━━━━━ Recorded information ━━━━━

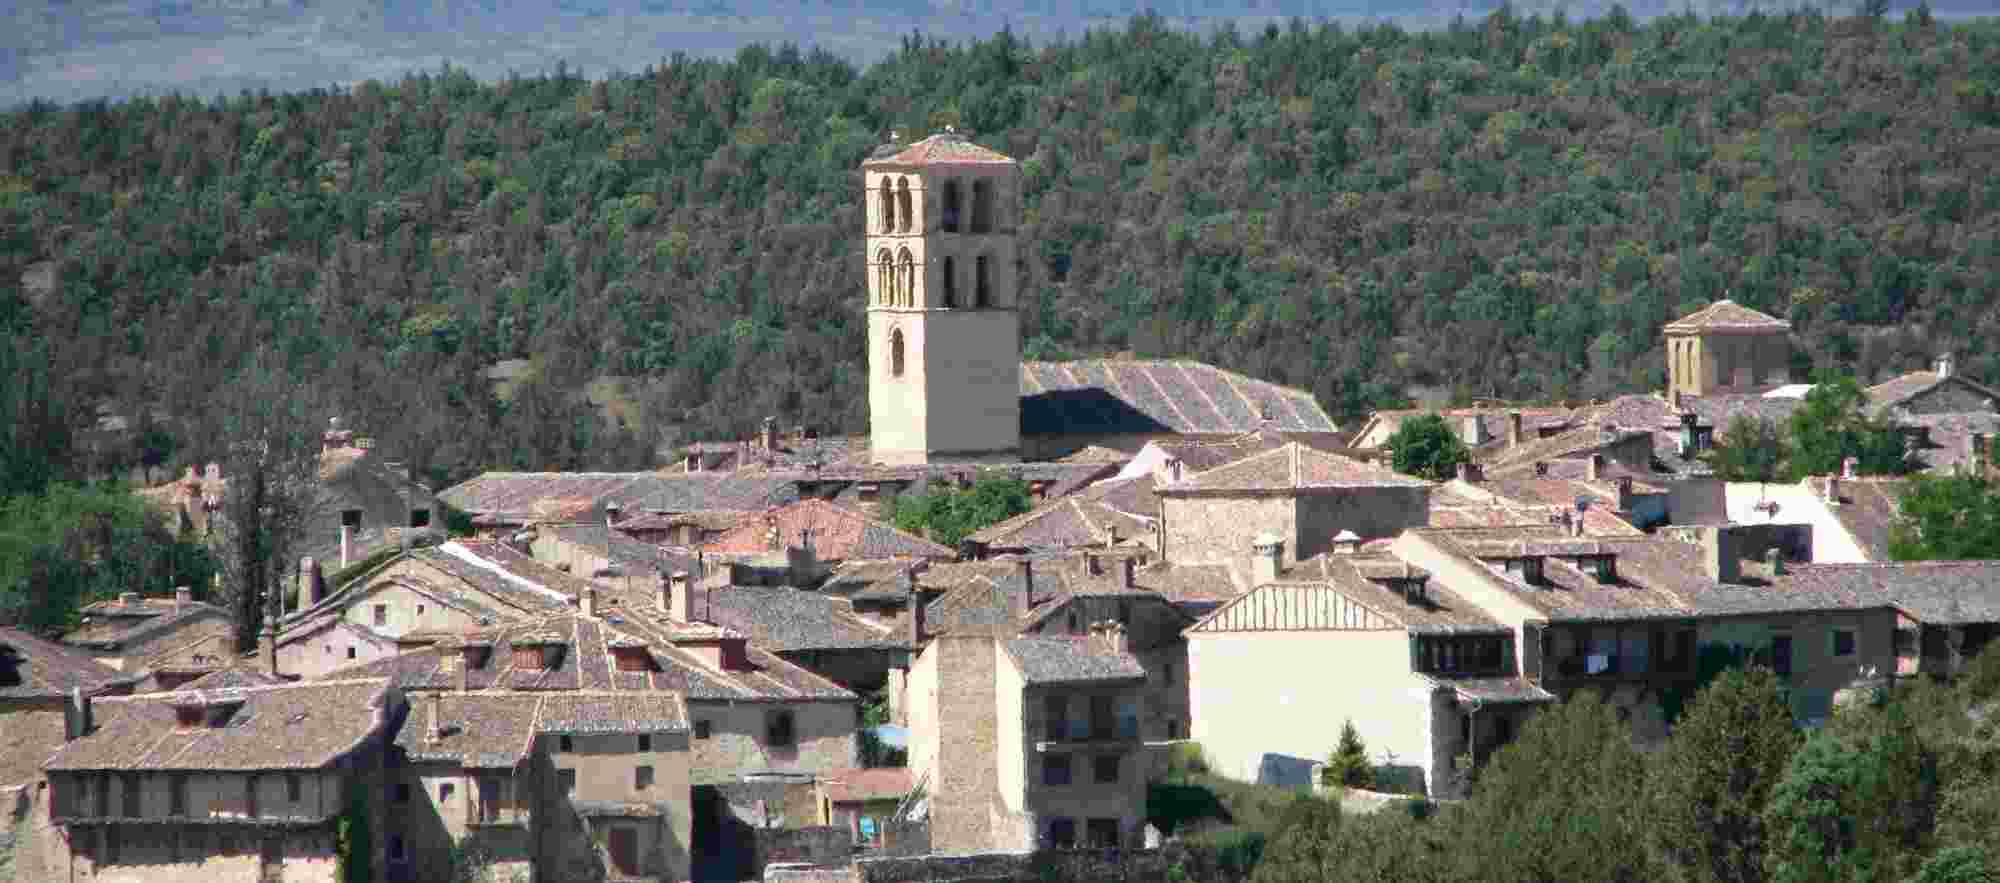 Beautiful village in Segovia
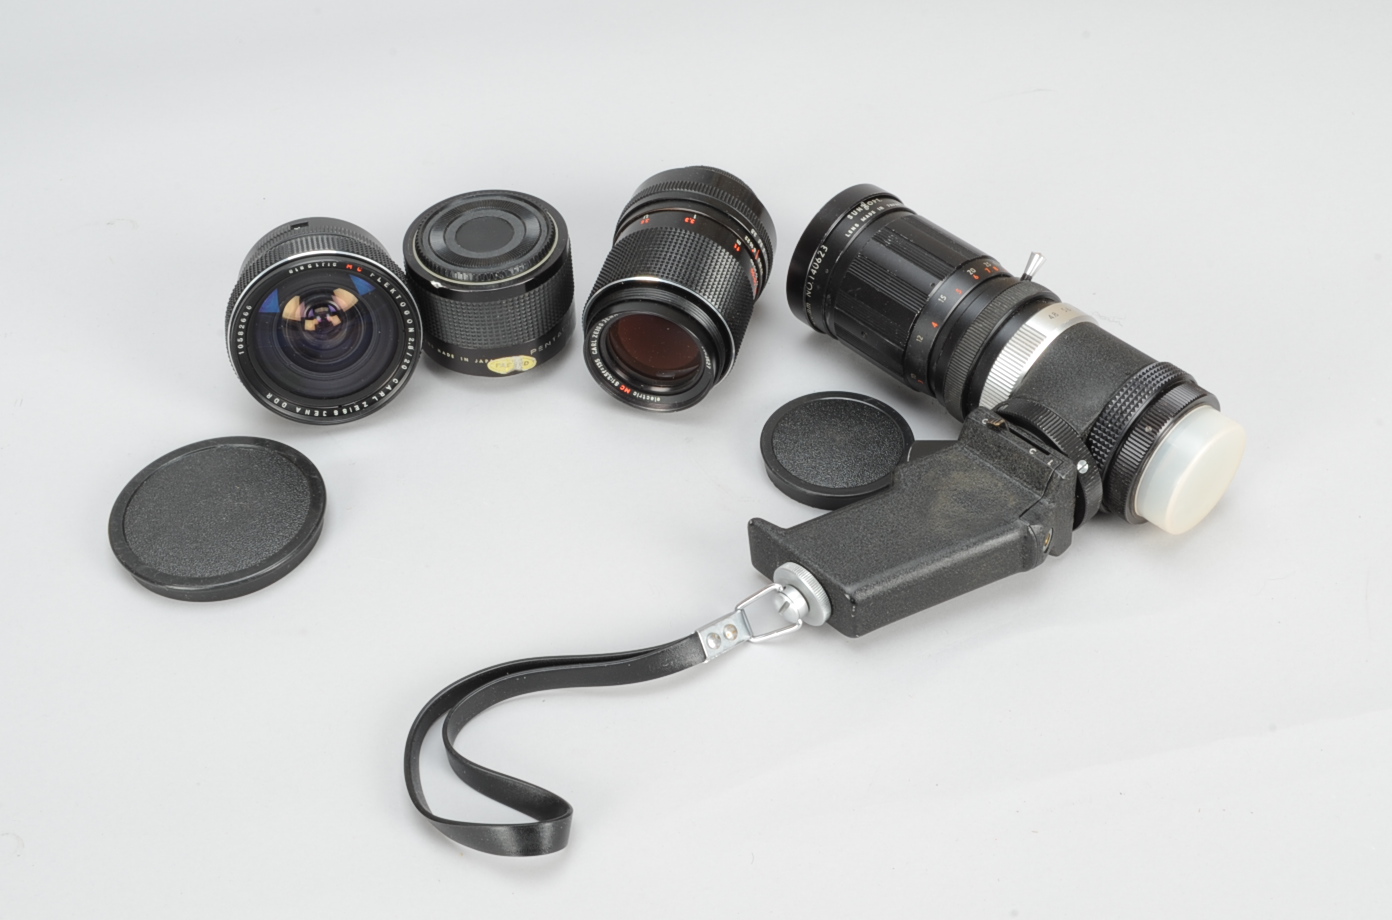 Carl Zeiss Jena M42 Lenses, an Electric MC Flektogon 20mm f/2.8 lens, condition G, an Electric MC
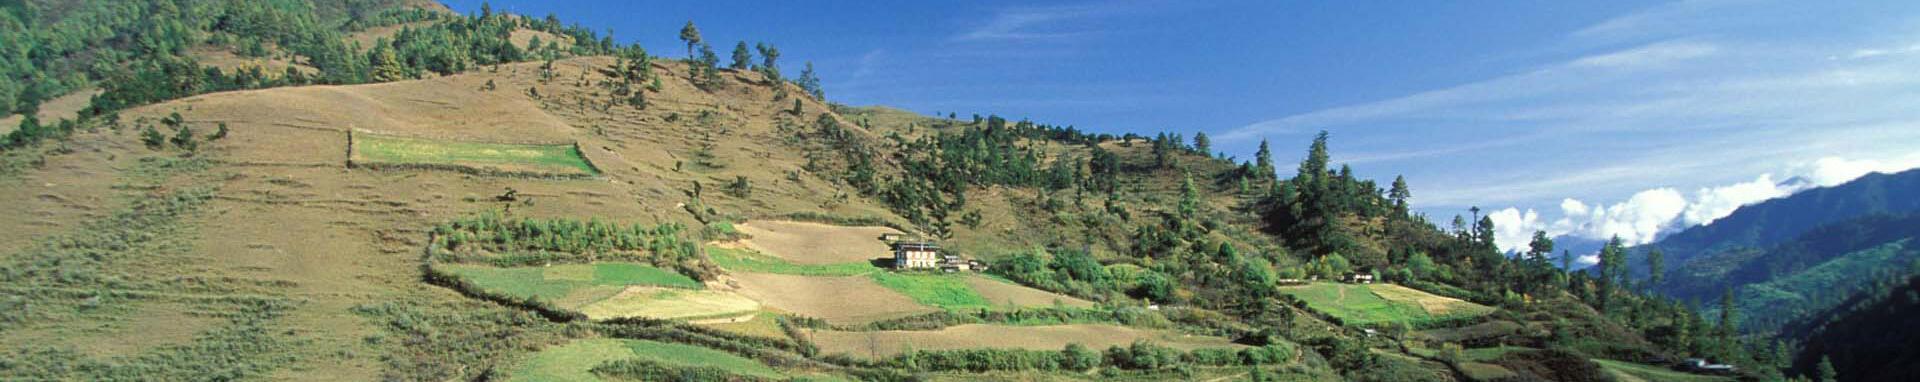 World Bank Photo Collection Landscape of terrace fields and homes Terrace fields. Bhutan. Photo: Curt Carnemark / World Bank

━━━━━

* _What the exercise asks_: Retype word for word all the material given above, and keep the pictures out.

* _Output of the task_:
 Beautiful village in Segovia
 Carl Zeiss Jena M42 Lenses, an Electric MC Flektogon 20mm f/2.8 lens, condition G, an Electric MC
 World Bank Photo Collection Landscape of terrace fields and homes Terrace fields. Bhutan. Photo: Curt Carnemark / World Bank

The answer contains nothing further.